Про алмазный крест спрашивали — точно ли тот самый, что был у Митеньки, да пропал. А я молчу. Я-то знаю — тот самый, а сказать боюсь. Вновь на меня страх напал.
Карами пугают, в дальнюю обитель сослать могут, на хлеб и воду посадить… Надобно смириться, надобно отречься… Спрашивают — ведовством и чернокнижием пленил-де тебя? Да, отвечаю, ведовством и чернокнижием…
Митенька, прости меня.
Шуйский послал в Углич за телом Митенькиным. Сказывали, у могилки чудеса творятся, исцеления случаются. Сразу, как Шуйского на царство венчали, привезли в Москву нетленные мощи царевича Дмитрия Ивановича и мне показали. Гляжу — то ли мое дитя, то ли не мое…
Повели меня в Архангельский собор, внесли туда нетленные мощи. Каяться велели перед народом. Делать нечего — покаялась в обмане… покаялась, а сама-то знаю — чудо было, чудо… Чудо!

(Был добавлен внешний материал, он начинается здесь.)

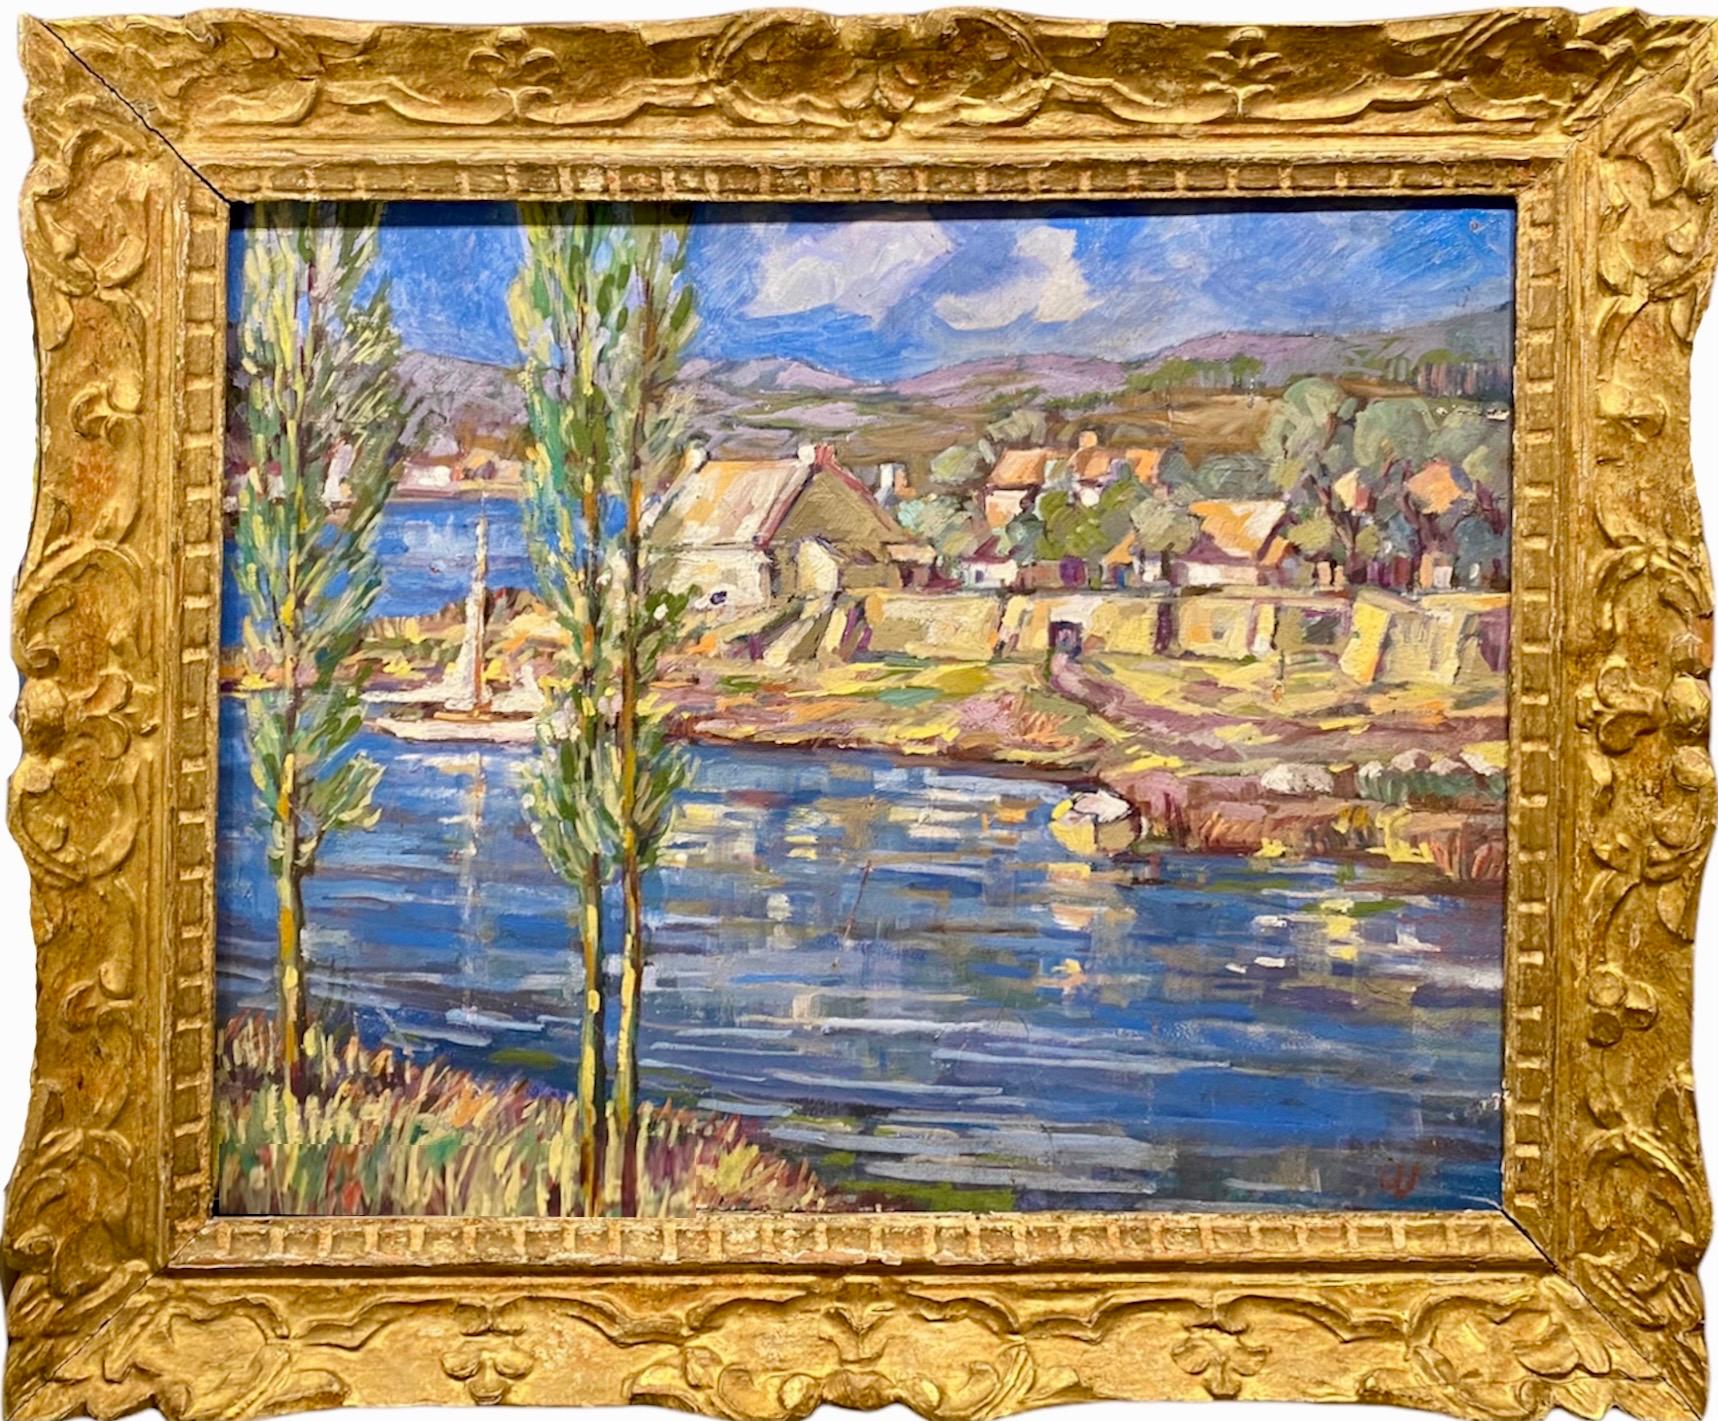 Unknown Abstract Painting - French Post Impressionist painting - Ecole de Paris - Provence landscape harbour

Отреклась я от чуда — так теперь и жить во мраке, и ждать нечего, и смерти Господь не дает. На краткий час вымолила я себе своего Митеньку…
Умереть бы, Господи!
Старица Марфа. Три дня труп покойного государя и любимца его Басманова на площади лежал. Потом, сказывали, похоронили, да выкопали, сожгли, пепел с порохом смешали, пушку зарядили, в польскую сторону выстрелили — возвращайся-де к своим! А царицу Маринку с ее батюшкой обобрали и под замок посадили с теми польскими гостями, кто уцелел. Сказывали, их больше тысячи тогда убили.
Марина. Меня, царицу, заперли! Прислали ко мне каких-то скверных панов, они сказали: «Муж твой, Гришка Отрепьев, вор, изменник и прелестник, обманул нас всех, назвавшись Димитрием, а ты знала его в Польше и вышла за него замуж, тебе ведомо было, что он вор, а не прямой царевич. За это отдай все и вороти деньги, что вор тебе в Польшу пересылал и в Москве давал». Я отдала все драгоценности, и тогда меня отвели к ясновельможному пану отцу, который затеял всю эту интригу. И стражу к нам приставили.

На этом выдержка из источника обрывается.